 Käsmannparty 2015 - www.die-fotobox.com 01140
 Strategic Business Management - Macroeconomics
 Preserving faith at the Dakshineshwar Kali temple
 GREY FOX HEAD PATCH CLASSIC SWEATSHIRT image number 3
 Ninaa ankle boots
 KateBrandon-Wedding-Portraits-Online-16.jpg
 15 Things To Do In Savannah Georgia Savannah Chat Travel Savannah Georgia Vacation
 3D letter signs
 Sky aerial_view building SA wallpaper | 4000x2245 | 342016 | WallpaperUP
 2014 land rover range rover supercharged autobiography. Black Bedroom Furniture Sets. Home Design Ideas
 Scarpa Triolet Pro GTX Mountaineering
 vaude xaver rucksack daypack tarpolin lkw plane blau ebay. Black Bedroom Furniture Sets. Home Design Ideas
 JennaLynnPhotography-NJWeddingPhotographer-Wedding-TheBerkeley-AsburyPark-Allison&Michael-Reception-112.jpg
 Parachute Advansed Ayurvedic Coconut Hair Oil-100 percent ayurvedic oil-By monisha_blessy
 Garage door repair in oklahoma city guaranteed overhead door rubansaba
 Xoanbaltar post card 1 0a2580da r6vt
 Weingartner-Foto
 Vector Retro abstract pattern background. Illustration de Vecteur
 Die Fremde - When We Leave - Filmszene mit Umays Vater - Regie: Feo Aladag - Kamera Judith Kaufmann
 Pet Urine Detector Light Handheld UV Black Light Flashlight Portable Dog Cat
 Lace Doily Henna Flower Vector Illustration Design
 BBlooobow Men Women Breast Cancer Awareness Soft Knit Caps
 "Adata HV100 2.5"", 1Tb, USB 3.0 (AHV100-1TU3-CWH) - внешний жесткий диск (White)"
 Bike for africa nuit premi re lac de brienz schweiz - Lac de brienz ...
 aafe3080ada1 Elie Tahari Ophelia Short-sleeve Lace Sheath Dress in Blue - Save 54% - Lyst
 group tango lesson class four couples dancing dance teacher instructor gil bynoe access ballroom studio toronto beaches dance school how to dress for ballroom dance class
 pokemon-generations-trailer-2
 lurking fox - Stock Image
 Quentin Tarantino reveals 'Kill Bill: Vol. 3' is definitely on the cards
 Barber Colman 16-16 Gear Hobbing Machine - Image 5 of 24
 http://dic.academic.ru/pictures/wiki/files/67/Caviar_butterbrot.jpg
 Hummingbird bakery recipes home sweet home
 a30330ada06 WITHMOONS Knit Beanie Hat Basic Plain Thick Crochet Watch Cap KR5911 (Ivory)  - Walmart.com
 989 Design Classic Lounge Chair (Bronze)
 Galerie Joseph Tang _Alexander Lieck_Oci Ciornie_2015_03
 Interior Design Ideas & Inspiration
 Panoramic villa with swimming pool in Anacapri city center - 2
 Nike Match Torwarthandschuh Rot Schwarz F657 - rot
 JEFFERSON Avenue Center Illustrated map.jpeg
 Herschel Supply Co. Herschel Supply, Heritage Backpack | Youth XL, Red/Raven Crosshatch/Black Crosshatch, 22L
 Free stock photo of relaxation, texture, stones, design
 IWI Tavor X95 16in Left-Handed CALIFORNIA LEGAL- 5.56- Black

### [Work required]
Where a line of the material holds the word "Illustration", copy that line.

### [Your solution]
 Vector Retro abstract pattern background. Illustration de Vecteur
 Lace Doily Henna Flower Vector Illustration Design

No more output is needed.